Vanessa Kosoy comments on AI Alignment Open Thread August 2019

Vanessa Kosoy 9 Aug 2019 17:02 UTC
LW: 8 AF: 4
AF
a) I believe a weaker version of the empirical claim, namely that the catastrophe is not nearly inevitable but not unlikely. That is, I can imagine different worlds in which the probability of the catastrophe is different, and I have uncertainty over in which world we actually are, s.t. in average the probability is sizable.

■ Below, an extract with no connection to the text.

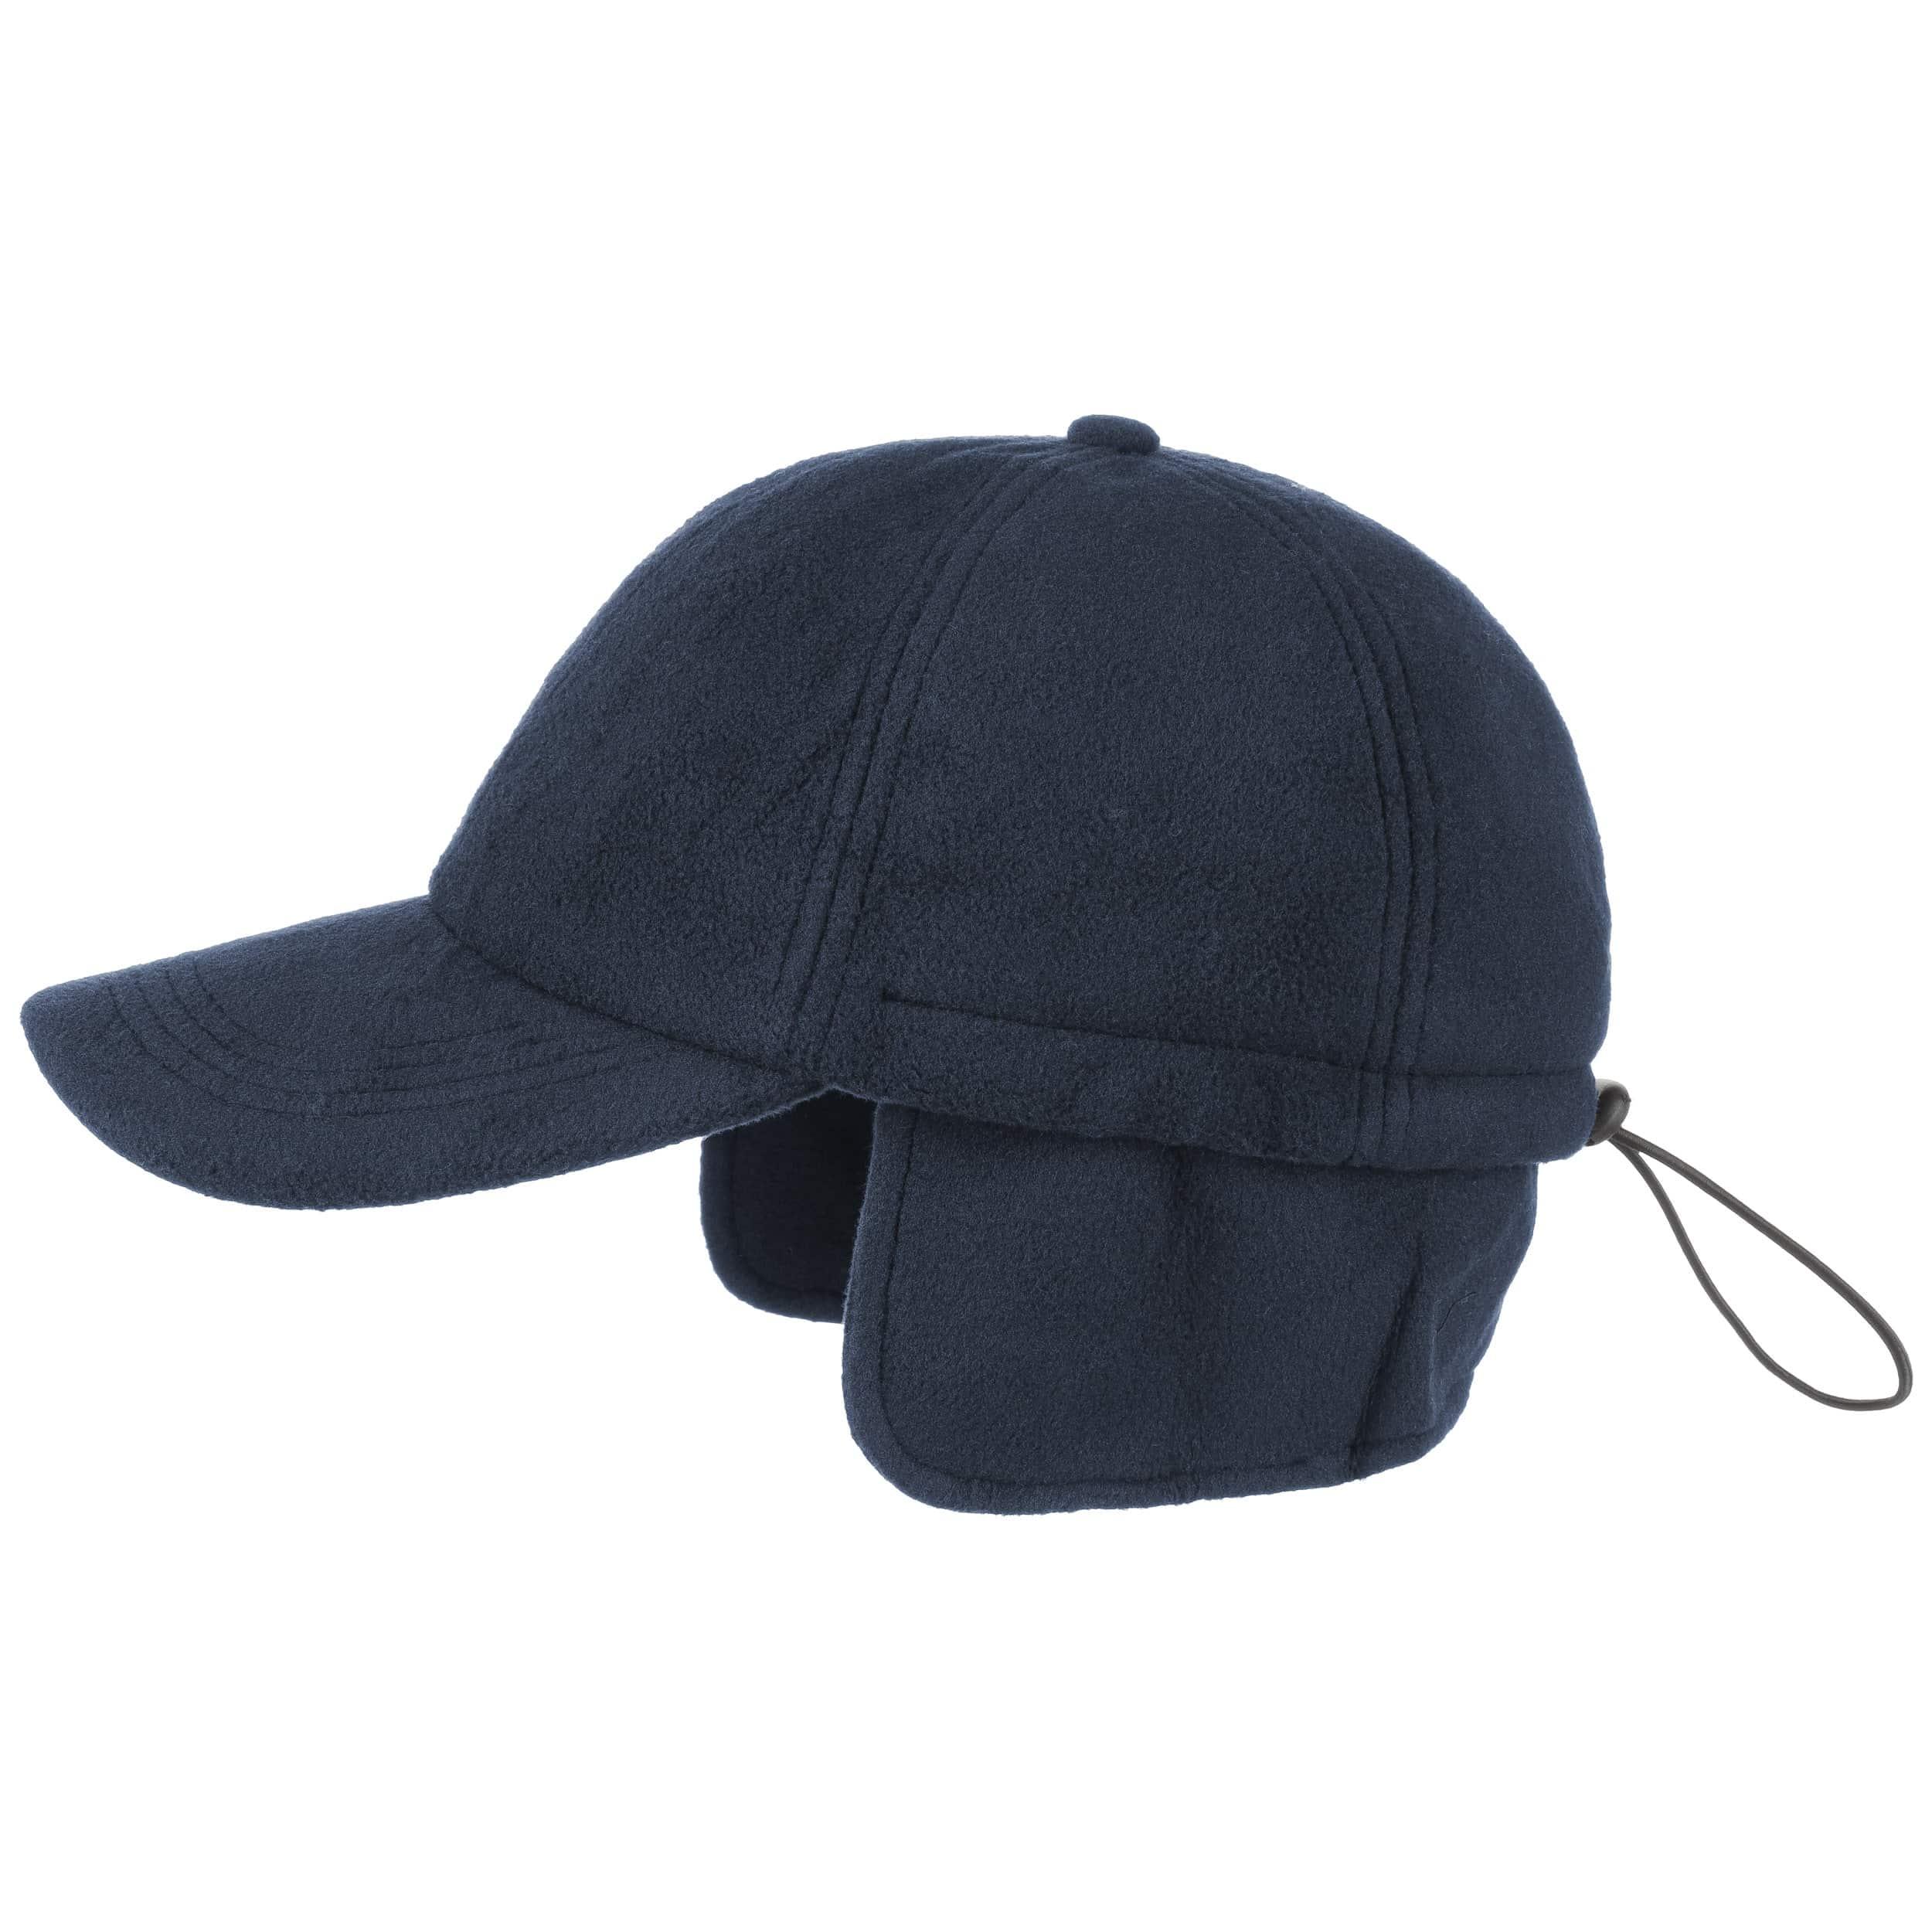 ... Snow Fleece Baseball Cap with Earflaps - blue 4 ... 306fbc4bd10

b) I think that the argument you gave is sort of correct. We need to augment it by: the minimal requirement from the AI is, it needs to effectively block all competing dangerous AI projects, without also doing bad things (which is why you can’t just give it the zero utility function). Your counterargument seems weak to me because, moving from utility maximizes to other types of AIs is just replacing something that is relatively easy to reason about with something that it is harder to reason about, thereby obscuring the problems (that are still there). I think that whatever your AI is, given that is satisfies the minimal requirement, some kind of utility-maximization-like behavior is likely to arise.

Coming at it from a different angle, complicated systems often fail in unexpected ways. The way people solve this problem in practice is by a combination of mathematical analysis and empirical research. I don’t think we have many examples of complicated systems where all failures were avoided by informal reasoning without either empirical or mathematical backing. In the case of superintelligent AI, empirical research alone is insufficient because, without mathematical models, we don’t know how to extrapolate empirical results from current AIs to superintelligent AIs, and when superintelligent algorithms are already here it will probably be too late.

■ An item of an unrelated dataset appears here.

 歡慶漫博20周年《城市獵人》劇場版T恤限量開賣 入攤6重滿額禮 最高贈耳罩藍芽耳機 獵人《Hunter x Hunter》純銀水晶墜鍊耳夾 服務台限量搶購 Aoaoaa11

c) I think what we can (and should) realistically aim for is, having a mathematical theory of AI, and having a mathematical model of our particular AI, such that in this model we can prove the AI is safe. This model will have some assumptions and parameters that will need to be verified/measured in other ways, through some combination of (i) experiments with AI/algorithms (ii) learning from neuroscience (iii) learning from biological evolution and (iv) leveraging our knowledge of physics. Then, there is also the question of, how precise is the correspondence between the model and the actual code (and hardware). Ideally, we want to do formal verification in which we can test that a certain theorem holds for the actual code we are running. Weaker levels of correspondence might still be sufficient, but that would be Plan B.

Also, the proof can rely on mathematical conjectures in which we have high confidence, such as $P \neq N P$ . Of course, the evidence for such conjectures is (some sort of) empirical, but it is important that the conjecture is at least a rigorous, well defined mathematical statement.
- Rohin Shah 9 Aug 2019 22:26 UTC
  LW: 2 AF: 1
  AF Parent
  I agree with a). c) seems to me to be very optimistic, but that’s mostly an intuition, I don’t have a strong argument against it (and I wouldn’t discourage people who are enthusiastic about it from working on it).
  The argument in b) makes sense; I think the part that I disagree with is:
  moving from utility maximizes to other types of AIs is just replacing something that is relatively easy to reason about with something that it is harder to reason about, thereby obscuring the problems (that are still there).
  The counterargument is “current AI systems don’t look like long term planners”, but of course it is possible to respond to that with “AGI will be very different from current AI systems”, and then I have nothing to say beyond “I think AGI will be like current AI systems”.
  - Vanessa Kosoy 10 Aug 2019 10:52 UTC
    LW: 4 AF: 2
    AF Parent
    Well, any system that satisfies the Minimal Requirement is doing long term planning on some level. For example, if your AI is approval directed, it still needs to learn how to make good plans that will be approved. Once your system has a superhuman capability of producing plans somewhere inside, you should worry about that capability being applied in the wrong direction (in particular due to mesa-optimization / daemons). Also, even without long term planning, extreme optimization is dangerous (for example an approval directed AI might create some kind of memetic supervirus).
    
    But, I agree that these arguments are not enough to be confident of the strong empirical claim.